◆ TASK DIRECTIONS: Every line below from the one with "VIVE LA 5E !" through the one with "donkey, Navarre, Spain by phbcz" should be retyped exactly, both ends included; no other lines and no pictures.

◆ PROVIDED INFORMATION:
* * * *

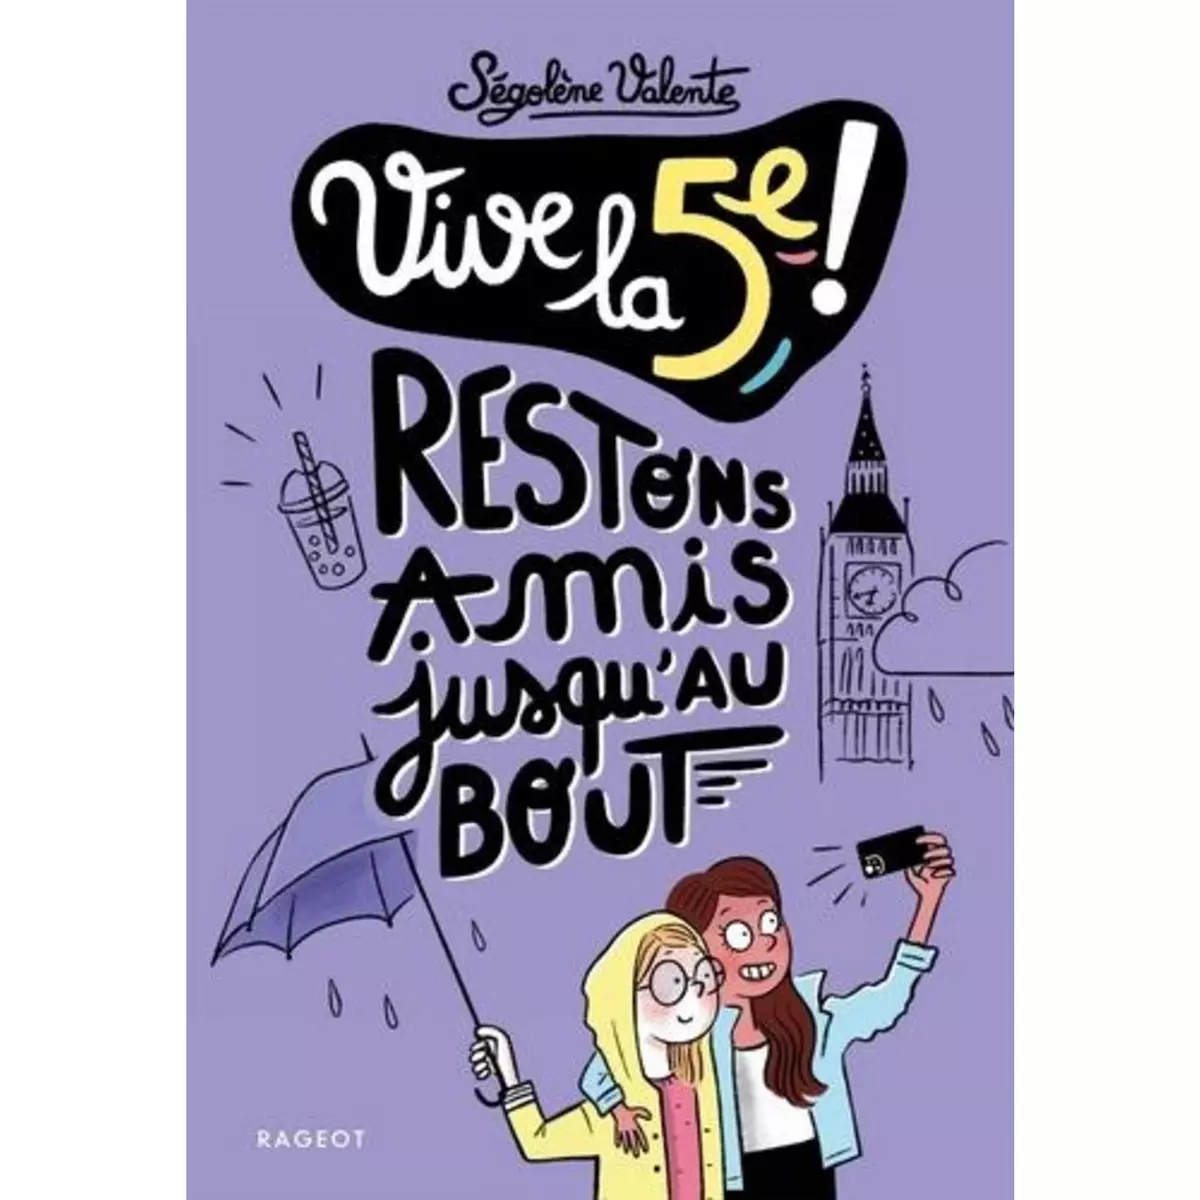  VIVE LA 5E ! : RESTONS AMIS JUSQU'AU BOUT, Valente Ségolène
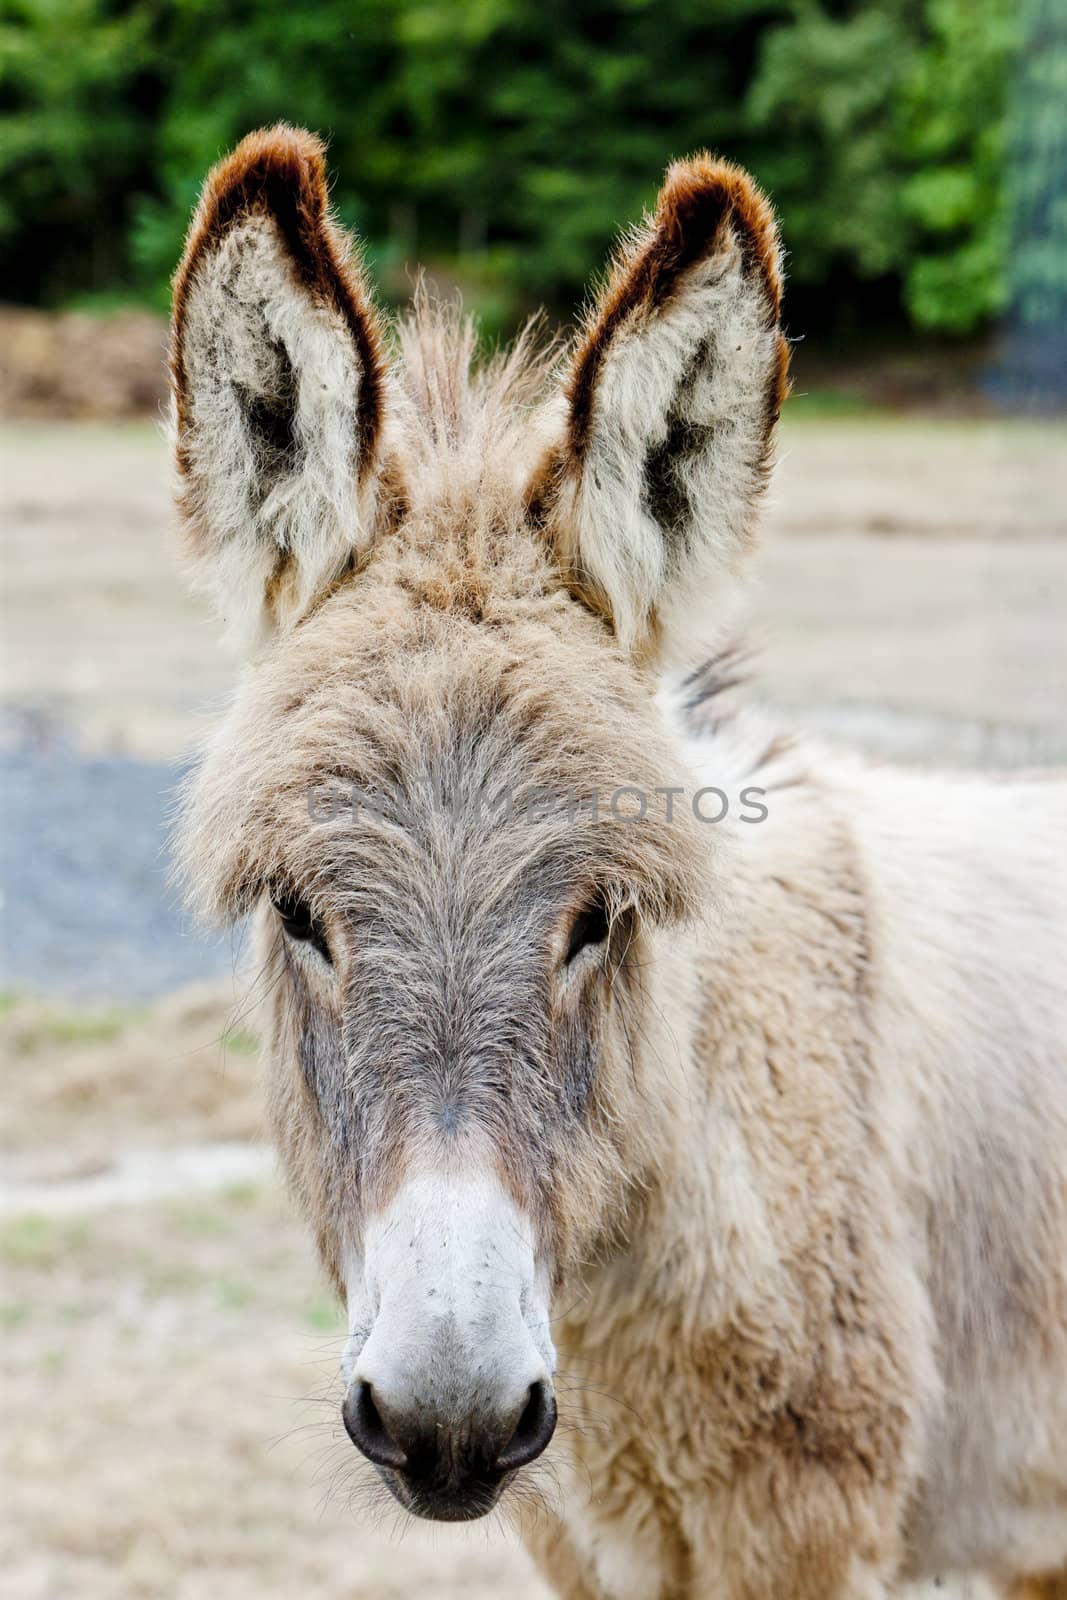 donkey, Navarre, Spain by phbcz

* * * *

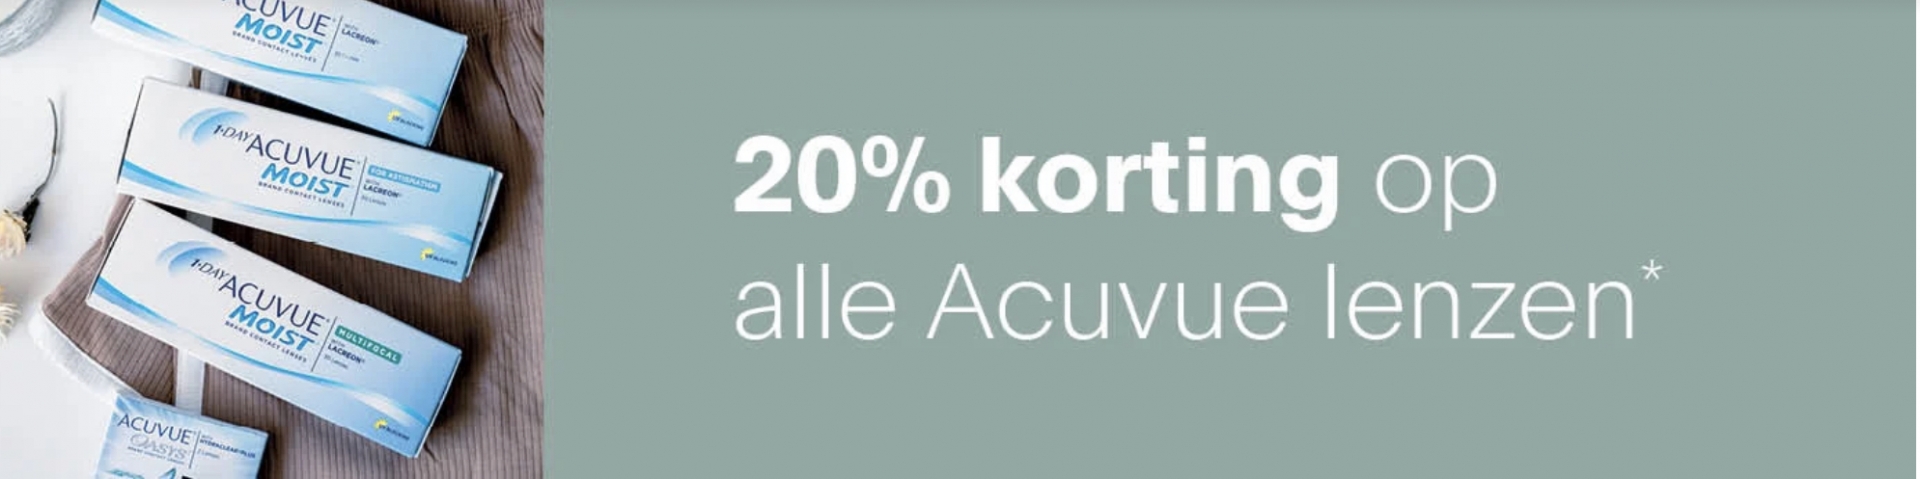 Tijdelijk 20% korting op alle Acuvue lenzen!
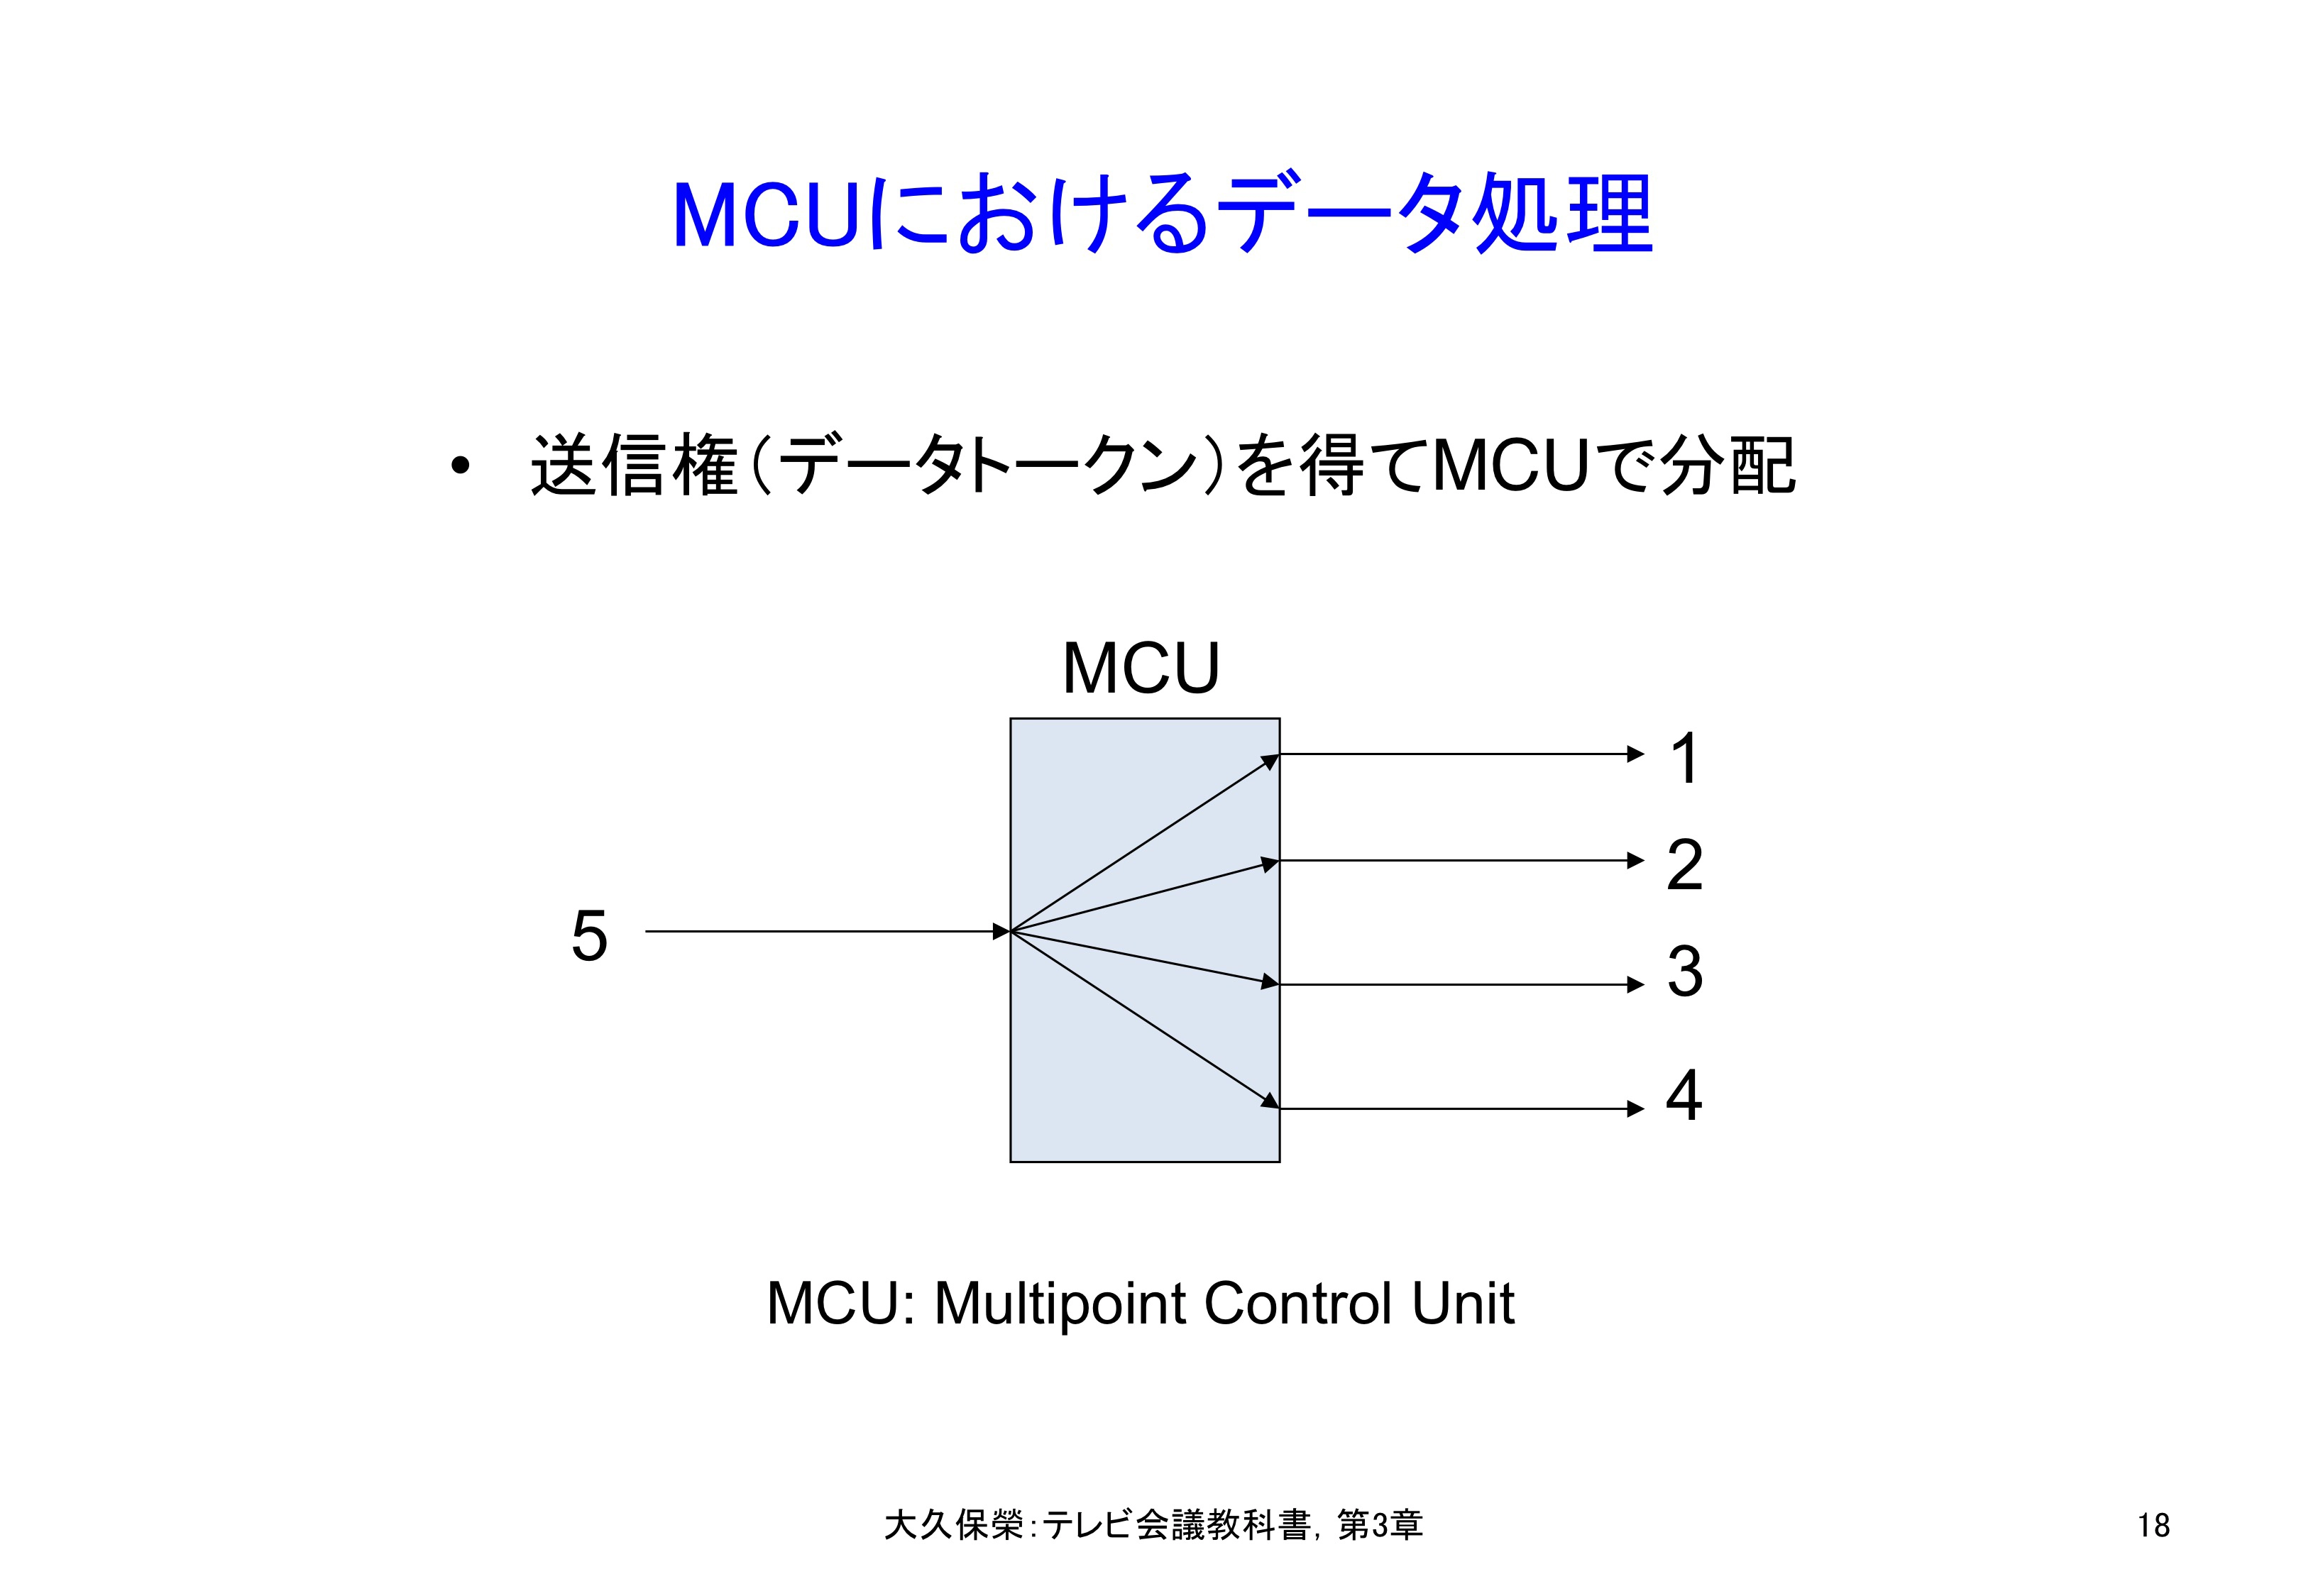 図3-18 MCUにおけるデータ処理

* * * *

◆ ANSWER TO THIS TASK:
  VIVE LA 5E ! : RESTONS AMIS JUSQU'AU BOUT, Valente Ségolène
 donkey, Navarre, Spain by phbcz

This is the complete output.